Les citoyens ont dès lors intérêt à présenter leurs préoccupations et éléments de
fait de manière groupée pour leur donner plus de poids, et peut-être à les étayer
par une pétition au Parlement européen ou un recours devant une juridiction
nationale. Lorsque la Commission tente d'inciter les États membres à lever les
obstacles à la libre circulation, les citoyens doivent manifester leur présence en
tant que tierce partie non officielle.
•
Une procédure de mise en œuvre accélérée. Il est relativement facile
d’introduire une plainte, mais, à moins qu’il existe une solution immédiate, cela
peut prendre deux ans au moins avant que la Commission n'introduise un
recours devant la Cour européenne de justice et dix-huit mois de plus au
minimum pour les procédures judiciaires. Dans l’intervalle, le(s) ou État(s)

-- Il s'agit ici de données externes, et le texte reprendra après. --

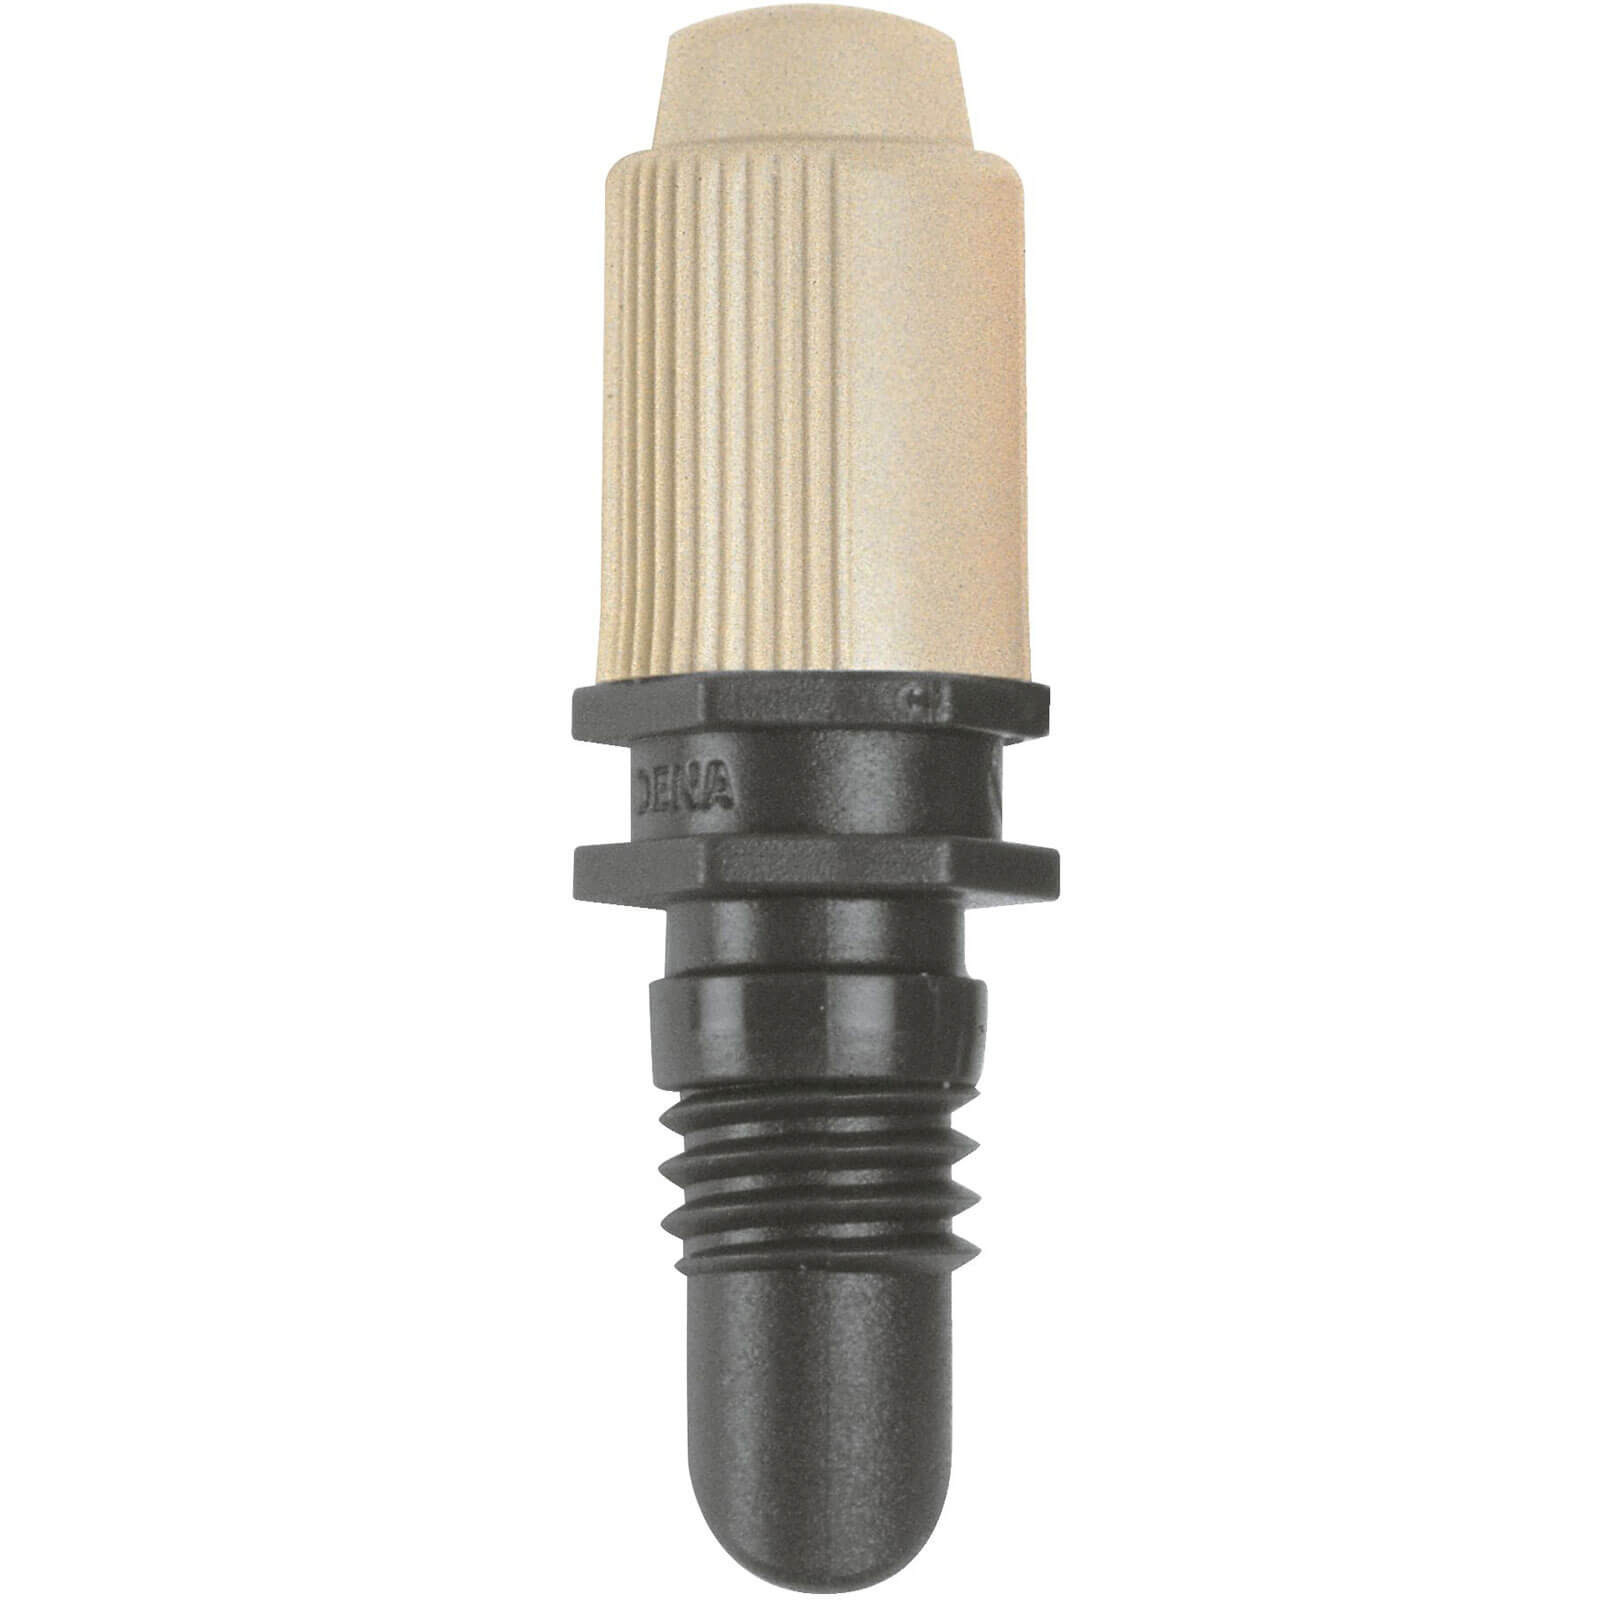 Image of Gardena MICRO DRIP Micro Mist Nozzle 3/16" / 4.6mm Pack of 5

membre(s) concerné(s) peu(ven)t maintenir l'obstacle à l’exercice des droits
européens. La Commission devrait se tourner vers la Cour européenne pour
exiger d'un État membre qu'il lève immédiatement, jusqu'à ce qu'un examen
plus approfondi soit effectué, tout obstacle à l’exercice de droits européens qui,
à première vue, enfreint le droit européen et affecte un grand nombre de
personnes.
2
La directive 2014/54/UE du 16 avril 2014 (OSL 128/8 du 30.4.2014) relative à des mesures facilitant l'exercice
des droits conférés aux travailleurs dans le contexte de la libre circulation des travailleurs devrait être mise
en œuvre d'ici le 21 mai 2016.
•
Un Fonds de solidarité relatif à la libre circulation. En plus de contribuer à une
utilisation plus efficace de la législation européenne pour améliorer la mise en
œuvre de ses dispositions, le fait de prendre des mesures au niveau local peut
également réduire les tensions entre les citoyens européens migrants et la
société du pays d’accueil. Ces tensions renforcent les demandes visant à
restreindre de manière générale les droits européens et les craintes à l'égard les
«touristes de prestations». Toutefois, compte tenu de la répartition très inégale de
la libre circulation, les problèmes qui se posent sont en réalité les rares cas de
fuite de cerveaux dans les pays d’origine ou la pression que subissent les services
locaux dans les pays d’accueil. La politique de cohésion de l’UE est un cadre
idéal, dans la mesure où elle conjugue un cadre européen avec le
développement des communautés locales et des partenariats avec l'ensemble
des acteurs concernés. Ce serait le cadre idéal dans lequel créer le Fonds de
solidarité européen relatif à la libre circulation. Ce Fonds devrait poursuivre un
double objectif: apporter une aide d'urgence aux citoyens européens
vulnérables, en soutenant des cours de langue et l'orientation des demandeurs
d’emploi, tout en fournissant des ressources supplémentaires pour les services de
santé, d'éducation et de logement 3. Le pays d’origine, le pays d’accueil et le
budget de l’UE devraient contribuer à parts égales à ce Fonds.
_____________
3
La Commission européenne commence à attirer l’attention sur l’utilisation qui peut être faite des Fonds
social et régional de l’UE notamment dans sa communication «Libre circulation des citoyens de l’Union et
des membres de leur famille: cinq actions pour faire la différence». Le rapport Barca, commandé par la
Commission européenne sur le futur de la politique de cohésion de l’UE pour la période 2014-2020,
comporte des arguments convaincants pour faire de la question des migrations une priorité.